→ Description of the task
Please repeat, from the entries that follow, the lines from the one containing "Mapa Braga en plastificado gigante" through the one containing "hight resolution of" exactly, adding nothing.

→ Material to process
Content starts
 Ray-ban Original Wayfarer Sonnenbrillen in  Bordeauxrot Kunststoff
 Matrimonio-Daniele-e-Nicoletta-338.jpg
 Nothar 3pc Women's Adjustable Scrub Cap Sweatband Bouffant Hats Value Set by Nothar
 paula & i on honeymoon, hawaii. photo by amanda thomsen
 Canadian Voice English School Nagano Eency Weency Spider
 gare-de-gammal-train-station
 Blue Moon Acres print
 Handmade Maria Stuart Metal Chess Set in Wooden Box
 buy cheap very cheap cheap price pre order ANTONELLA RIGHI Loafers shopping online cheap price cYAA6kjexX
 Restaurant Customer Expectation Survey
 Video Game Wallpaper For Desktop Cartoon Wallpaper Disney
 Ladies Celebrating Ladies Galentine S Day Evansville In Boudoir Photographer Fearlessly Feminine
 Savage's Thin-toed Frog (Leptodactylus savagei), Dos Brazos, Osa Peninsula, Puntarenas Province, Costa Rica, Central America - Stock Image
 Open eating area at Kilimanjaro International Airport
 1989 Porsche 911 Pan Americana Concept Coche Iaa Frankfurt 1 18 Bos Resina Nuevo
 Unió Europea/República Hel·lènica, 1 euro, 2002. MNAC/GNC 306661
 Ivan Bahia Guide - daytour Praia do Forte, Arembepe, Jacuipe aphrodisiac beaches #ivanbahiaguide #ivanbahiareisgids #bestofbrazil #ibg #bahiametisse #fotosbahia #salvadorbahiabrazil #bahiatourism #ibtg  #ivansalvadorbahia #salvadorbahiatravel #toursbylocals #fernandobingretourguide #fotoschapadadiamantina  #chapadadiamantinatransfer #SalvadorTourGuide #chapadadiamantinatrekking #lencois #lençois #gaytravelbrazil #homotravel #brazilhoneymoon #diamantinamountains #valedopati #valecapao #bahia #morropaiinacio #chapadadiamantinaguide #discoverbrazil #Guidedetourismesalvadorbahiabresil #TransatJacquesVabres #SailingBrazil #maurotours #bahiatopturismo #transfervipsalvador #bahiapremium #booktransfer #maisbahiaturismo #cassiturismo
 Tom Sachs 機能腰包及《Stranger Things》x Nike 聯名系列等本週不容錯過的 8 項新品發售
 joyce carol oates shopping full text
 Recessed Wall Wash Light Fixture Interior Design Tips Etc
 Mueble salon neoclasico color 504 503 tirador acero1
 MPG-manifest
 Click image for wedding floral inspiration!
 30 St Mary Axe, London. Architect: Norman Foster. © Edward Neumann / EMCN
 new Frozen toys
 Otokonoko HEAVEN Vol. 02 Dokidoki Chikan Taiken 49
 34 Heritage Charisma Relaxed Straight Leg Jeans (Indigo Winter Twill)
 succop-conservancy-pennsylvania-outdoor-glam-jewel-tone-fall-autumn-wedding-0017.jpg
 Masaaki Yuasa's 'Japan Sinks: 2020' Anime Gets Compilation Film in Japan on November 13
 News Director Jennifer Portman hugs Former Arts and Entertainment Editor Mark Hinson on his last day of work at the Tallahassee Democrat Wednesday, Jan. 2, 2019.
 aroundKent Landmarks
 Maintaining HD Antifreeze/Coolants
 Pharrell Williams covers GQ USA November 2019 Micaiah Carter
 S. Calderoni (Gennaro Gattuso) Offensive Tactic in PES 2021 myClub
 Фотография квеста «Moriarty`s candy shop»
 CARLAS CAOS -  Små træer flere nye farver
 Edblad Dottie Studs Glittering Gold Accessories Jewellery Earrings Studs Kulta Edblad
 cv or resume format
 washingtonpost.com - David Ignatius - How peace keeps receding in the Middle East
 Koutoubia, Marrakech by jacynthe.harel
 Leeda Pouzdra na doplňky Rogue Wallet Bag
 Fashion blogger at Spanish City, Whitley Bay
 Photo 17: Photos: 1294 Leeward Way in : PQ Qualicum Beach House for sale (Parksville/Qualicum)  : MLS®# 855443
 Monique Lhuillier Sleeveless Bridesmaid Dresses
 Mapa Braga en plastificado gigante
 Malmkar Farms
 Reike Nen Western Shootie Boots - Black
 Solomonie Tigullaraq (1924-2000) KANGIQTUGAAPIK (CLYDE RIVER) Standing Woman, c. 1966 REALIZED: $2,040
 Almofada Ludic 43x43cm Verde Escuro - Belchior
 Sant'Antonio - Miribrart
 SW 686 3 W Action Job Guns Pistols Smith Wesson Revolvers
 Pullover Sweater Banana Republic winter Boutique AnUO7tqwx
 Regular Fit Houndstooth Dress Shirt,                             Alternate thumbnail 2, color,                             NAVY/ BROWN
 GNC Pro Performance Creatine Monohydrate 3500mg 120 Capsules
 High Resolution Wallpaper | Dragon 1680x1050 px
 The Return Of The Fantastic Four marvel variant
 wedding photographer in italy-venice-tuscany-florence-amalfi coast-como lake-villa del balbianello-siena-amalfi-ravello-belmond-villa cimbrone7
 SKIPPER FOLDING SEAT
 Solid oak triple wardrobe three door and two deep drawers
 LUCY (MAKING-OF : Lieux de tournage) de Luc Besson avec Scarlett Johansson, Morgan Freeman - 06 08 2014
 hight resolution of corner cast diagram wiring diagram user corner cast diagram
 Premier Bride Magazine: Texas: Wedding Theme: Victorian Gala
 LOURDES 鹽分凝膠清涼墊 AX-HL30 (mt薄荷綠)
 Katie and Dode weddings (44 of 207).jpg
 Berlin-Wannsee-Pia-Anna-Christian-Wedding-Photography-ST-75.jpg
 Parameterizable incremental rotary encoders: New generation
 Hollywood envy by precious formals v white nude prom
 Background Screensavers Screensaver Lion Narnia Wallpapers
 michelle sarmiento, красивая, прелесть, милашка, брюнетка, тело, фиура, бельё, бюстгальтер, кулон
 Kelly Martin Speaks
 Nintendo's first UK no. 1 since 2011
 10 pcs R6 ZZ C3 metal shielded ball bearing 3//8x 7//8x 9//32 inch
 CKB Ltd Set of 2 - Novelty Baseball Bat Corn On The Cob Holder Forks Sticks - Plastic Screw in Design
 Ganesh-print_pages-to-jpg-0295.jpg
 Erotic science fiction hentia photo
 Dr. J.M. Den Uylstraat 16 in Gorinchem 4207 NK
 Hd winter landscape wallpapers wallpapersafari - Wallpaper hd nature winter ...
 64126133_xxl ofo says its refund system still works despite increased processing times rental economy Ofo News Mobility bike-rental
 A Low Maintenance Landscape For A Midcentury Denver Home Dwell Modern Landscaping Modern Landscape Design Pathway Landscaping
Content ends
→ Answer for this exercise
 Mapa Braga en plastificado gigante
 Malmkar Farms
 Reike Nen Western Shootie Boots - Black
 Solomonie Tigullaraq (1924-2000) KANGIQTUGAAPIK (CLYDE RIVER) Standing Woman, c. 1966 REALIZED: $2,040
 Almofada Ludic 43x43cm Verde Escuro - Belchior
 Sant'Antonio - Miribrart
 SW 686 3 W Action Job Guns Pistols Smith Wesson Revolvers
 Pullover Sweater Banana Republic winter Boutique AnUO7tqwx
 Regular Fit Houndstooth Dress Shirt,                             Alternate thumbnail 2, color,                             NAVY/ BROWN
 GNC Pro Performance Creatine Monohydrate 3500mg 120 Capsules
 High Resolution Wallpaper | Dragon 1680x1050 px
 The Return Of The Fantastic Four marvel variant
 wedding photographer in italy-venice-tuscany-florence-amalfi coast-como lake-villa del balbianello-siena-amalfi-ravello-belmond-villa cimbrone7
 SKIPPER FOLDING SEAT
 Solid oak triple wardrobe three door and two deep drawers
 LUCY (MAKING-OF : Lieux de tournage) de Luc Besson avec Scarlett Johansson, Morgan Freeman - 06 08 2014
 hight resolution of corner cast diagram wiring diagram user corner cast diagram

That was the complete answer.